“What did everyone do for their workout today?” was a question Dad occasionally asked at the family dinner table while the four of us – he and Mom, my brother and I – ate our bean salad or broccoli or spaghetti.
The white man knows best!
And bless my heart, I thought there was nothing strange about him asking that. You know: those precious childhood years when you think your family’s normal. Isn’t it normal for Dad’s central preoccupation to be how much everyone exercised today and if they stretched properly before and afterwards?
Oh what’s that you say, it’s not normal?
But I didn’t discover that until one night in high school when I had a friend over for dinner. “What did everyone do for their workout today?” Dad asked that night.
We went around the table and answered. I had gone for a run, I reported. Then Dad looked expectantly at my friend.
Who squinted and shook his head and said, “Nothing.”
“Huh,” Dad said. He didn’t press the kid on it or anything. But you got the feeling that he hoped to hear a different answer, next time.
Posthaste my friend informed me that this was definitely not normal behavior.
And even though my usual response would have been embarrassment and this desperate wrenching desire for my family to be like everyone else’s – I was a teenager, after all – on this particular occasion I didn’t feel that way.
I actually liked the weirdness of it. I thought it was endearing, as if it distinguished our family as somehow especially virtuous or healthy. (Which Dad’s heart attack, some years later, perhaps disproved.) But there was the way Dad listened so intently to our answers, all the while eating his bean salad and washing it down with a swallow of cold Rolling Rock beer.
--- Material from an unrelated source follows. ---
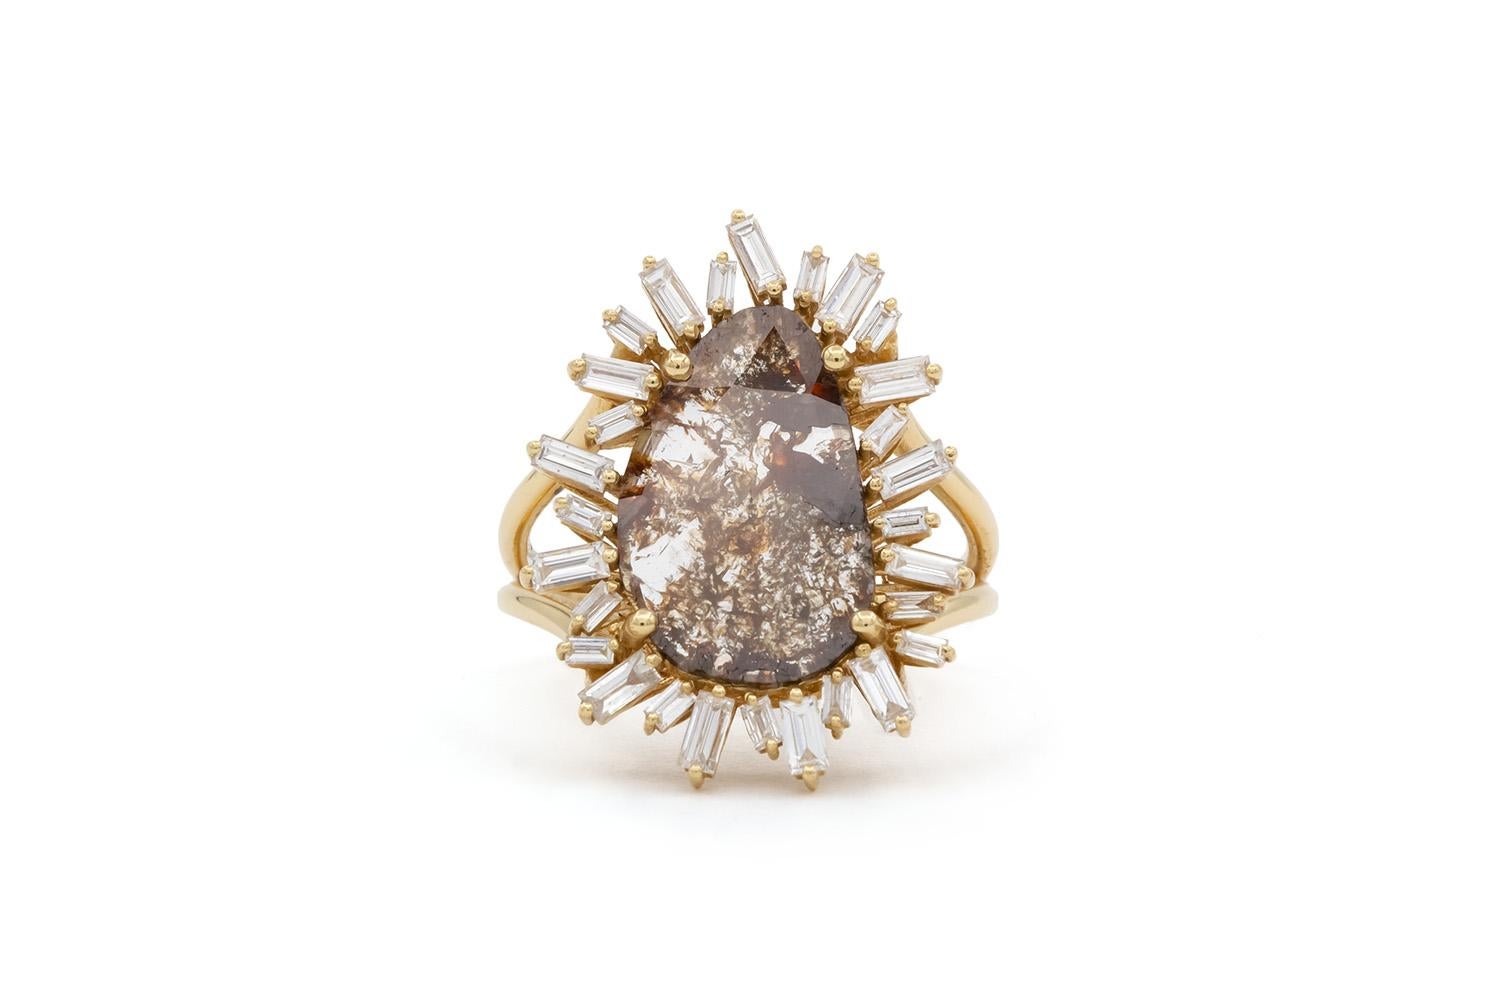 Wir freuen uns, diesen brandneuen ungetragenen Suzanne Kalan 18k Gelbgold Rose Cut Diamond Slice & Baguette Diamond Cocktail Fashion Ring anzubieten. Dieser atemberaubende Ring besteht aus einem natürlichen Diamanten von 1,67 Karat, der von

It was all part of our little routine, just like how he always opened that Rolling Rock bottle the same way – pulling the opener from a drawer in the kitchen island and popping off the cap and then dropping the cap into the drawer, until this drawer accumulated hundreds of caps and Dad could no longer find the opener in all the clutter. And then he’d assign to me or my brother the task of cleaning it out, which he called a “Sunday chore.”